Identifying Gene-Environment Interactions With Robust Marginal Bayesian Variable Selection

Front Genet. 2021 Dec 8:12:667074. doi: 10.3389/fgene.2021.667074. eCollection 2021.

Abstract

In high-throughput genetics studies, an important aim is to identify gene-environment interactions associated with the clinical outcomes. Recently, multiple marginal penalization methods have been developed and shown to be effective in G×E studies. However, within the Bayesian framework, marginal variable selection has not received much attention. In this study, we propose a novel marginal Bayesian variable selection method for G×E studies. In particular, our marginal Bayesian method is robust to data contamination and outliers in the outcome variables.

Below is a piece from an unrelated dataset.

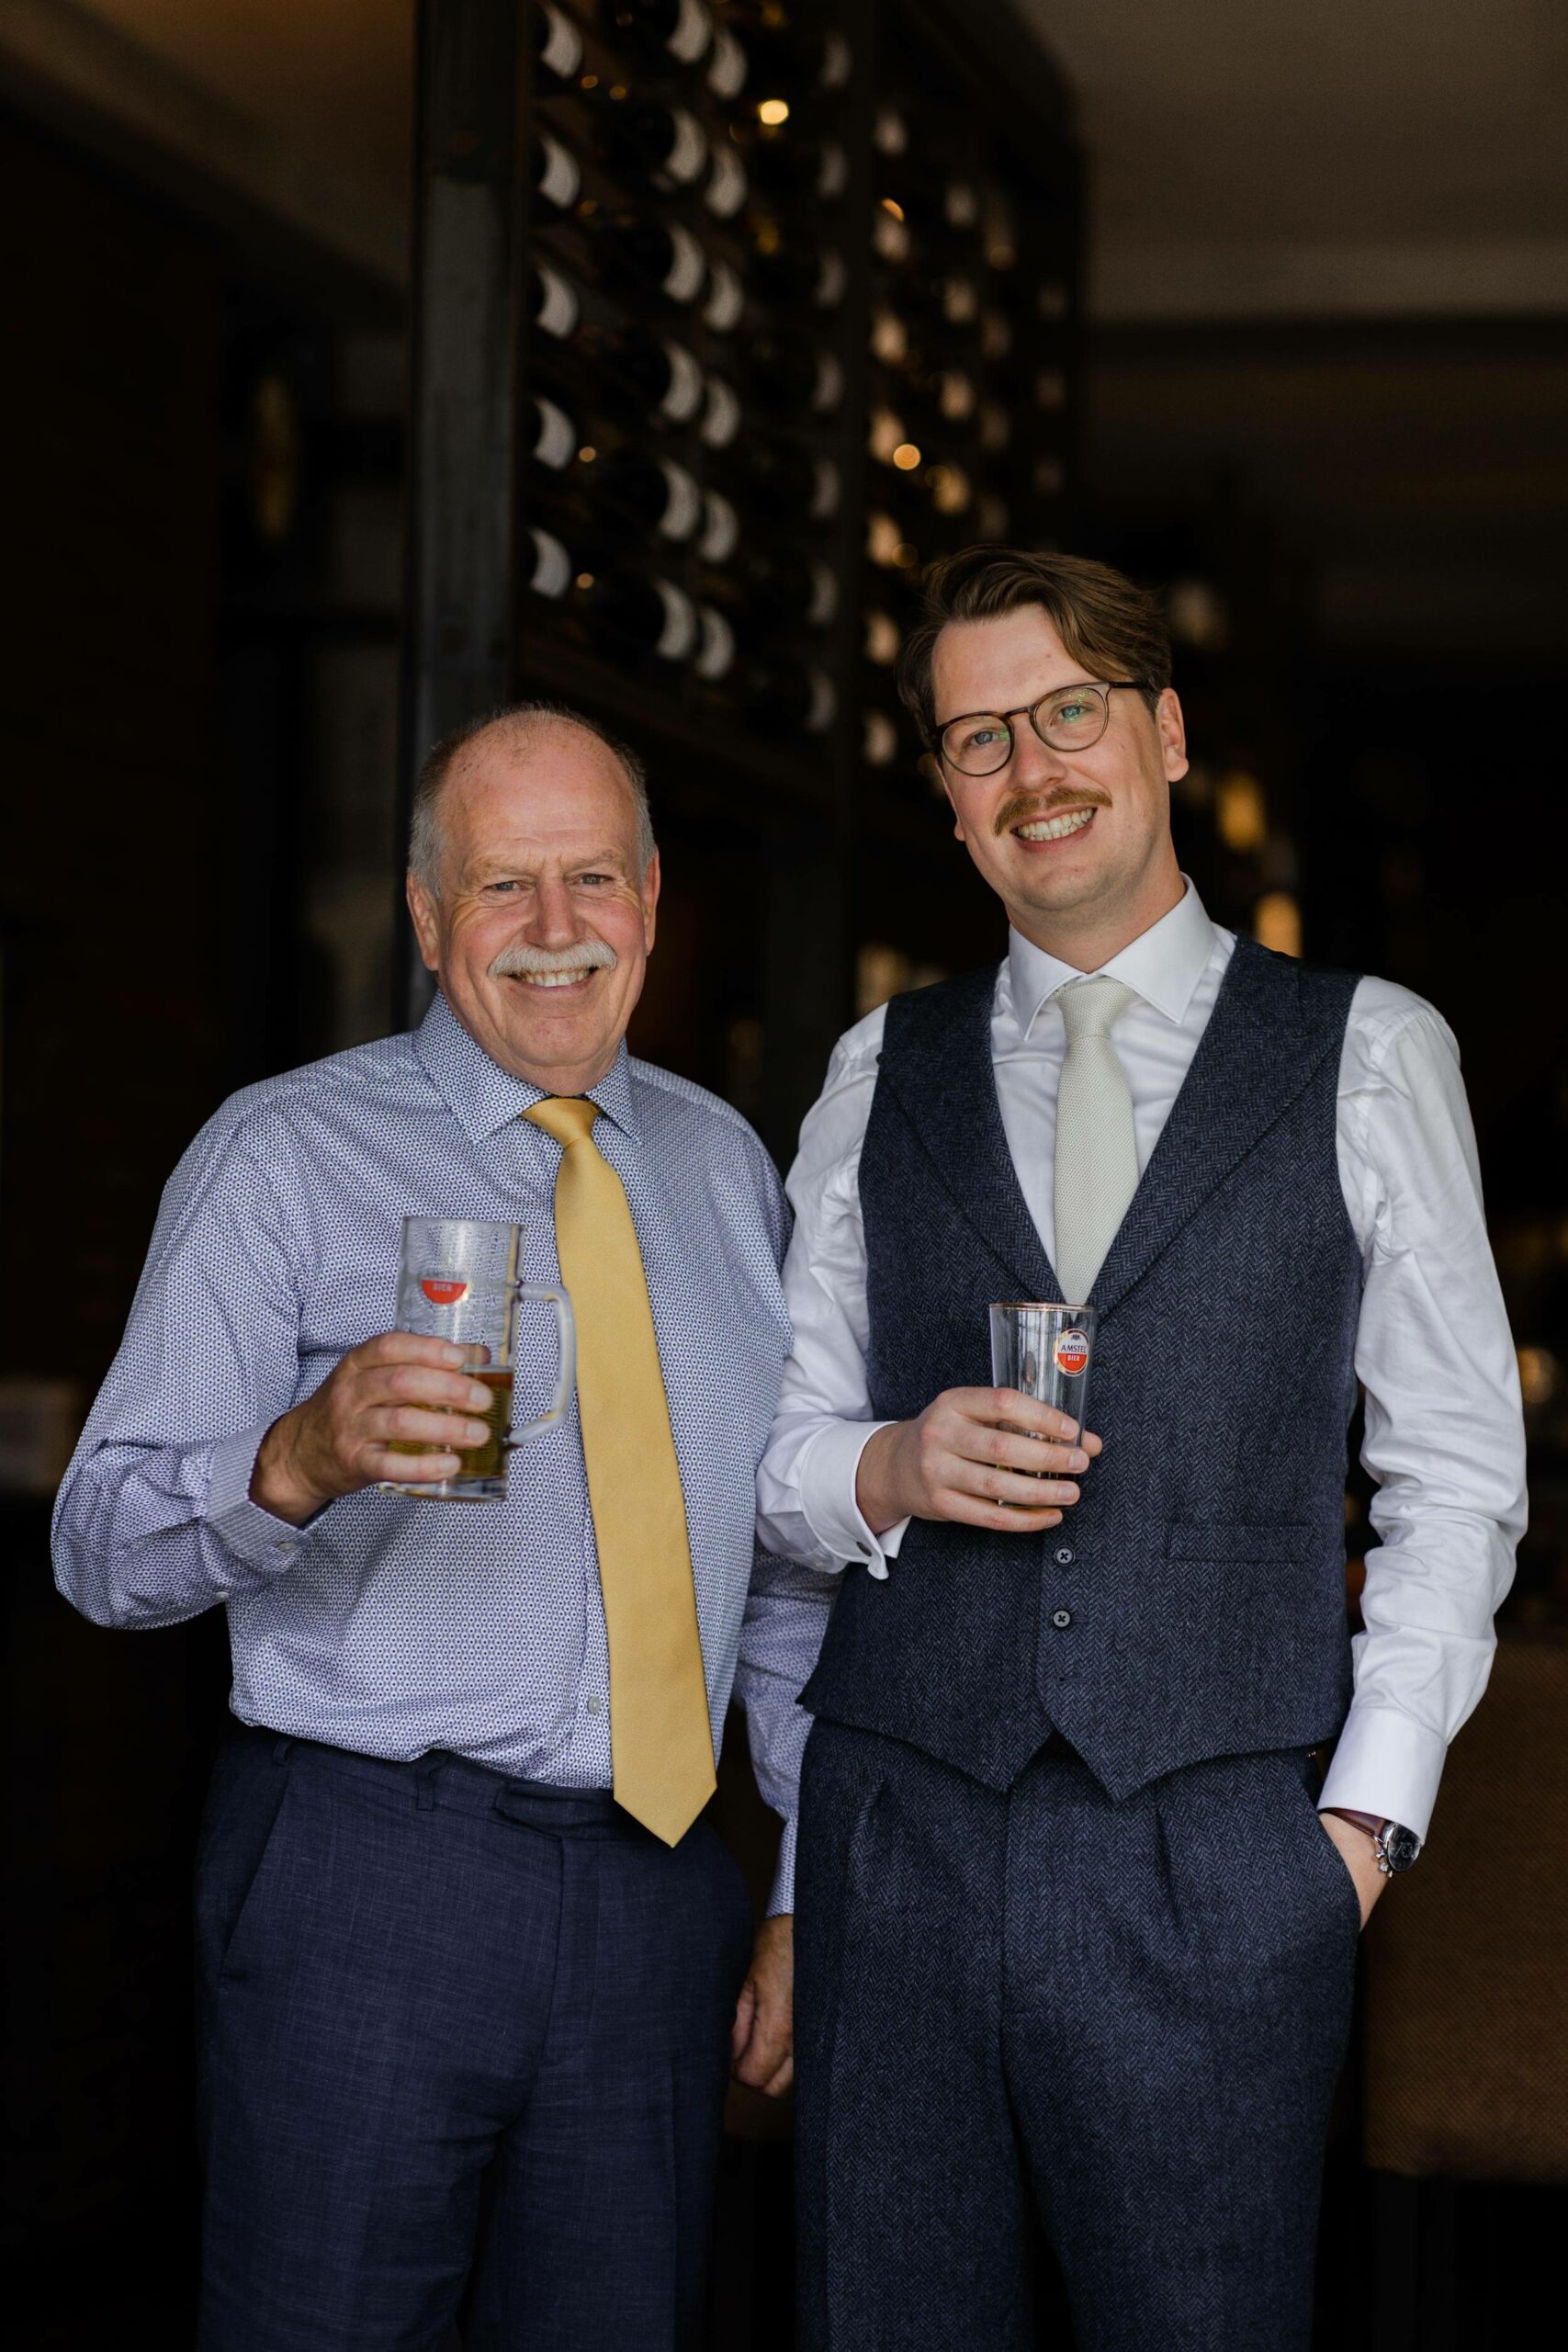 alt="summer Amsterdam wedding groom with father enjoying beers"

With the incorporation of spike-and-slab priors, we have implemented the Gibbs sampler based on Markov Chain Monte Carlo (MCMC). The proposed method outperforms a number of alternatives in extensive simulation studies. The utility of the marginal robust Bayesian variable selection method has been further demonstrated in the case studies using data from the Nurse Health Study (NHS). Some of the identified main and interaction effects from the real data analysis have important biological implications.

Keywords: gene-environment interaction; marginal analysis; markov chain monte carlo method; robust Bayesian variable selection; spike-and-slab priors.